When you reach the line with "The solution is" in the listing below, transcribe it and each line after it up to and including the line with "lacoste typography printed", exactly and with nothing else.
(Extracted information)
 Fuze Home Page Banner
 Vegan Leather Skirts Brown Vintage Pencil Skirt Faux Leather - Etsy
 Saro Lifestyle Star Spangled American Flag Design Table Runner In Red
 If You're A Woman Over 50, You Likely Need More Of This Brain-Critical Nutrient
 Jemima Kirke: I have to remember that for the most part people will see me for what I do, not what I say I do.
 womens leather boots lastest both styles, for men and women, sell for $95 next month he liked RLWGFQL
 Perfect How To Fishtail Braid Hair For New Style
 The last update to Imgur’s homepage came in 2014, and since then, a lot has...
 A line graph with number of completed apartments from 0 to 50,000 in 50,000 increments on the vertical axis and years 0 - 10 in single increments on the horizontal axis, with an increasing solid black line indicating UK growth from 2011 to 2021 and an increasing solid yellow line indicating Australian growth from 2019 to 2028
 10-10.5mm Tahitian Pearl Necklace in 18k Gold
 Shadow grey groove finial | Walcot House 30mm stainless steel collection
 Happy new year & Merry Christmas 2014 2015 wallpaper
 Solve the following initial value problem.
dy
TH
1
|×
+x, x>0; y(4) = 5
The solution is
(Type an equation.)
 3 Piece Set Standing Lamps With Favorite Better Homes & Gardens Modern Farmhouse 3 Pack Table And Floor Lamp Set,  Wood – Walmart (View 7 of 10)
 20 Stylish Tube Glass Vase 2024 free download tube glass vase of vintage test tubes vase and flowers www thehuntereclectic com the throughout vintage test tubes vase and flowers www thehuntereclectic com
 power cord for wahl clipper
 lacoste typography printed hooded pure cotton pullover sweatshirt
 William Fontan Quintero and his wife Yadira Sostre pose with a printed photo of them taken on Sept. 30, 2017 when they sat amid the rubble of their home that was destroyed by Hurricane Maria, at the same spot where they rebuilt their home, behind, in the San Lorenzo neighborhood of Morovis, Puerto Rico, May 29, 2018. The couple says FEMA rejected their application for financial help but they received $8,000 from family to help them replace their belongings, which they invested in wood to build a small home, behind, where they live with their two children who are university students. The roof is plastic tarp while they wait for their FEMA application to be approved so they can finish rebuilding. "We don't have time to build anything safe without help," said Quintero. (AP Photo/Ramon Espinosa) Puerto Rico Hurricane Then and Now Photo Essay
(End Extracted information)
* **Answer for the task**:
The solution is
(Type an equation.)
 3 Piece Set Standing Lamps With Favorite Better Homes & Gardens Modern Farmhouse 3 Pack Table And Floor Lamp Set,  Wood – Walmart (View 7 of 10)
 20 Stylish Tube Glass Vase 2024 free download tube glass vase of vintage test tubes vase and flowers www thehuntereclectic com the throughout vintage test tubes vase and flowers www thehuntereclectic com
 power cord for wahl clipper
 lacoste typography printed hooded pure cotton pullover sweatshirt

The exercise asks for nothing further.